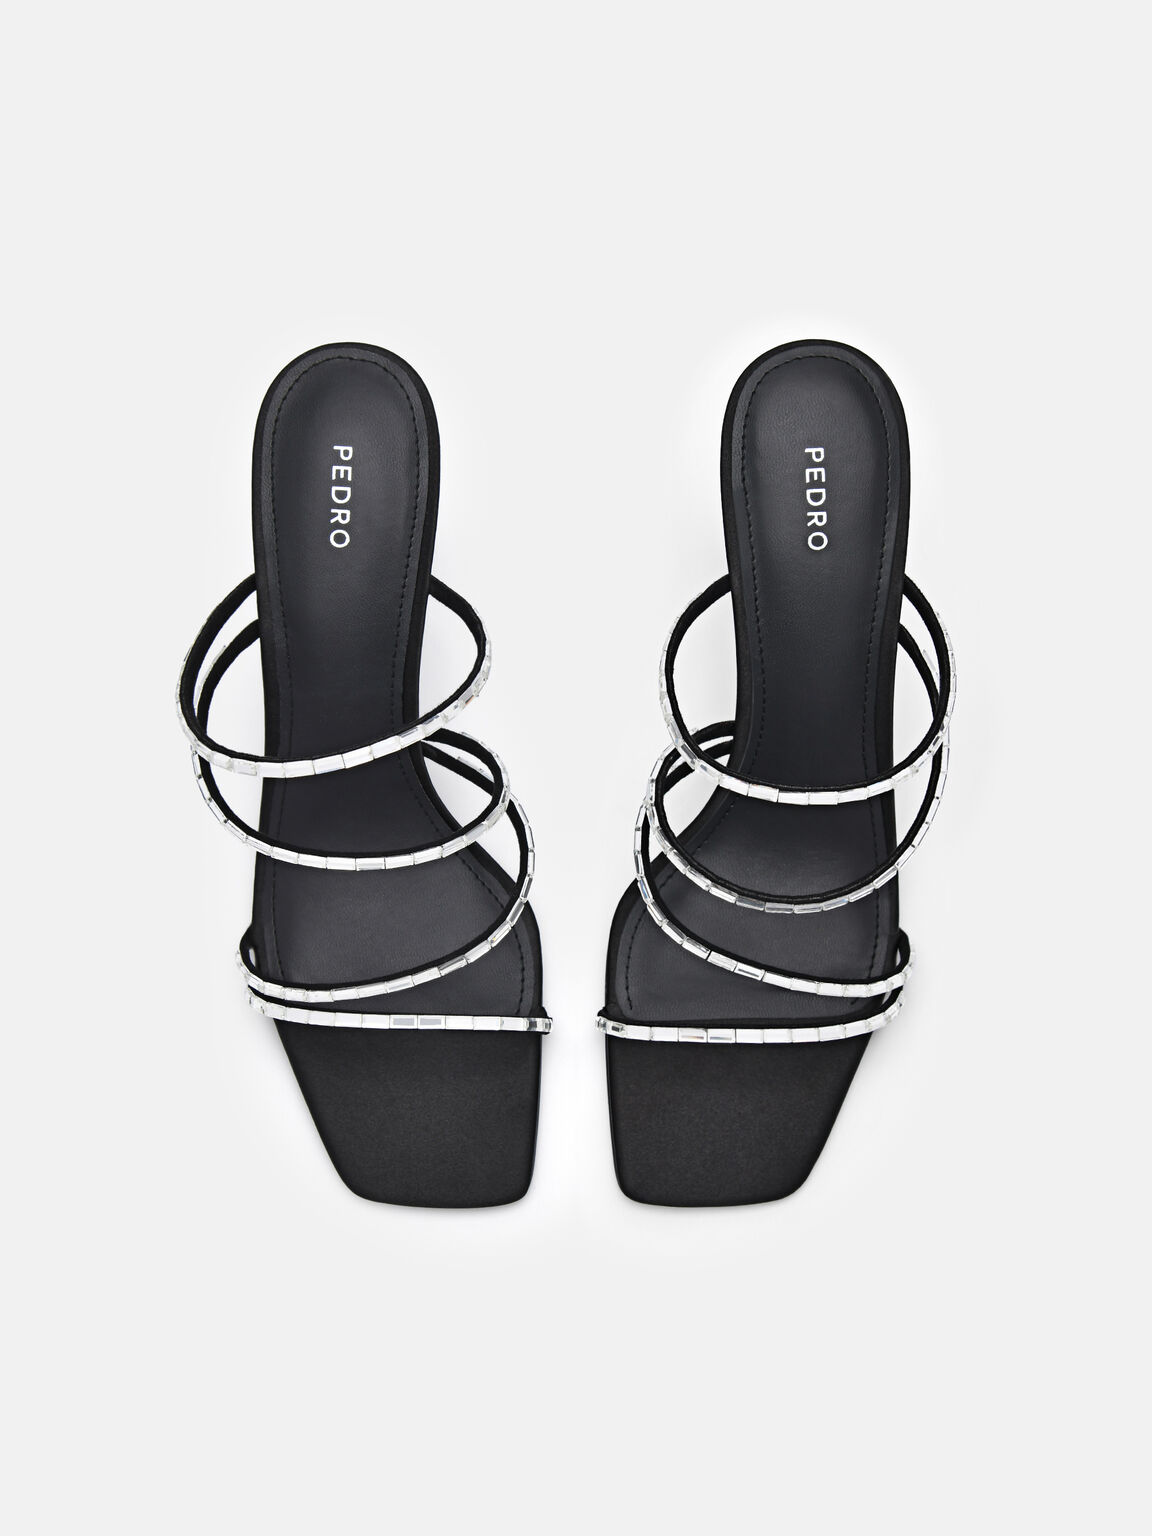 Savannah Heel Sandals, Black, hi-res
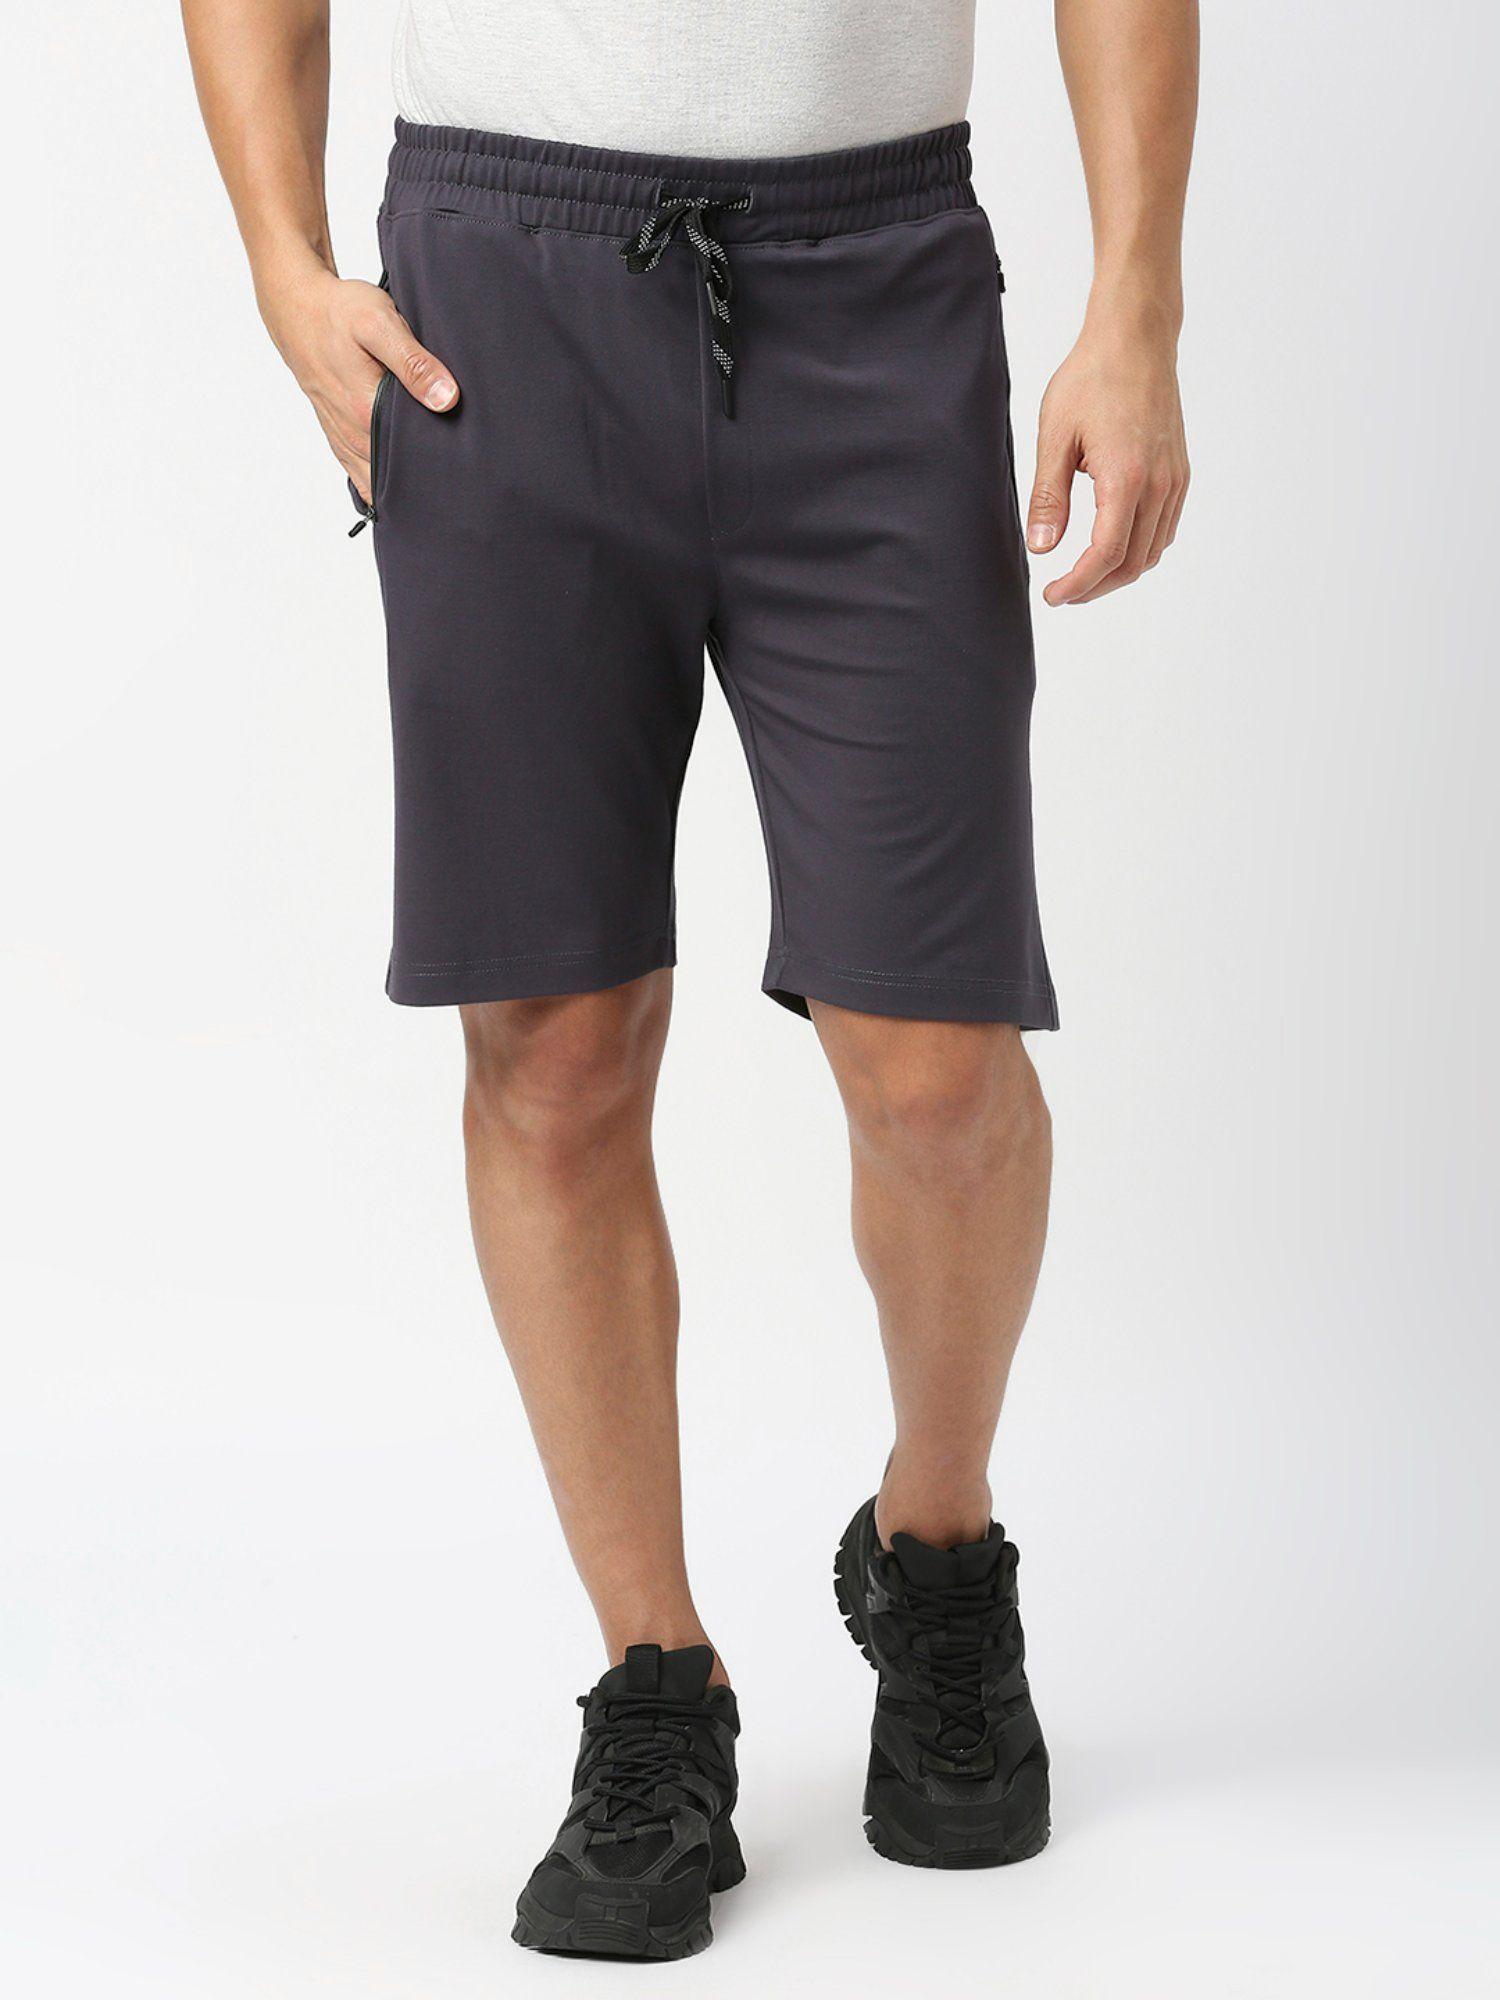 charcoal-grey-tencel-lycra-shorts-with-zipped-pocket
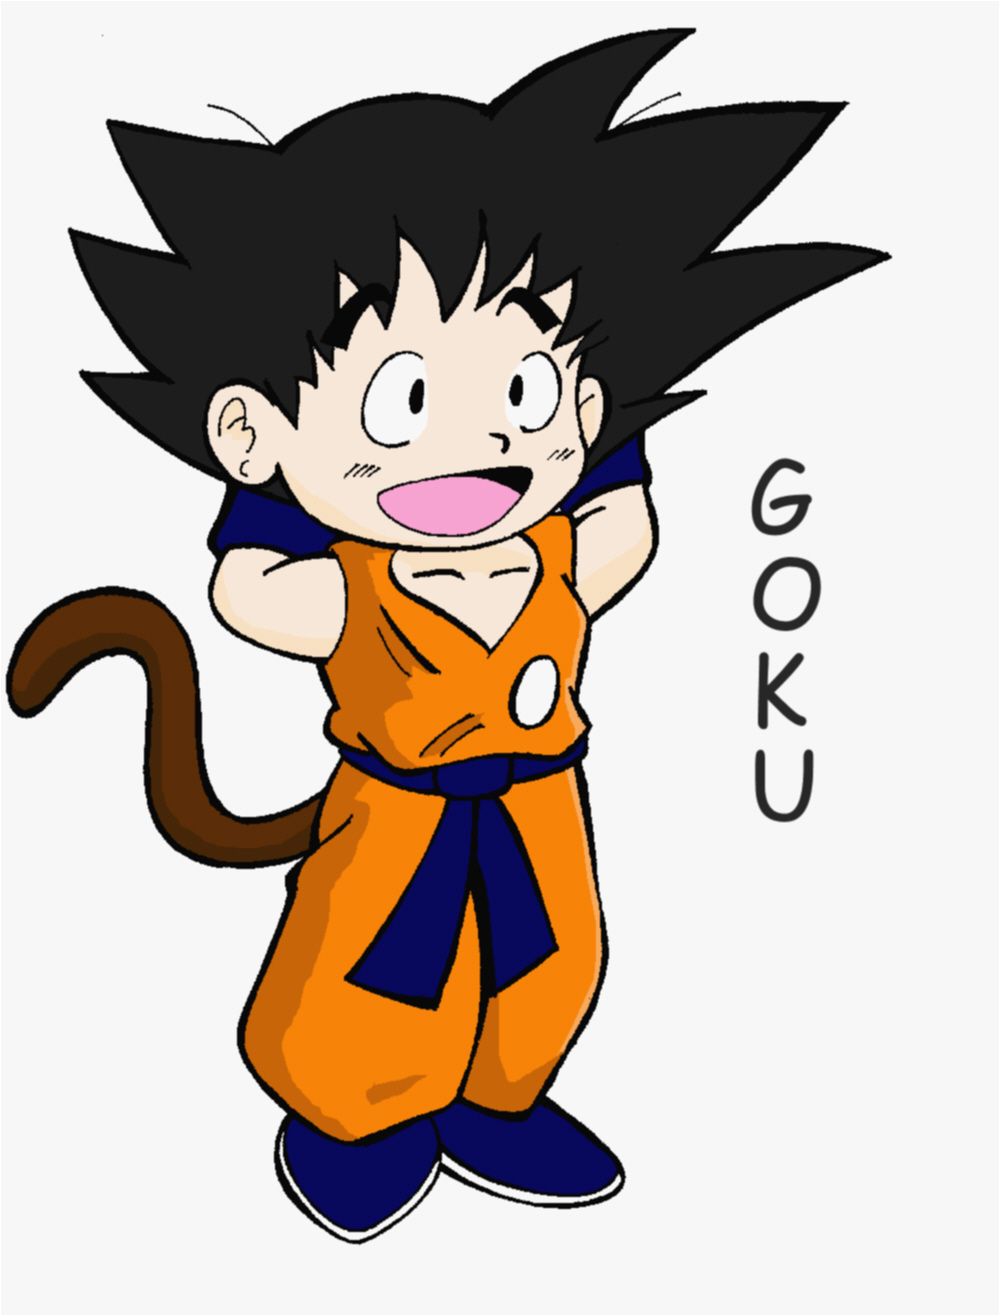 Kid Goku by ShadowLink_350

**EXERCISE:**
Would you return all of the data above word for word, omitting every picture?

**TASK SOLUTION:**
 Savannah Heel Sandals, Black, hi-res
 charcoal-grey-tencel-lycra-shorts-with-zipped-pocket
 Kid Goku by ShadowLink_350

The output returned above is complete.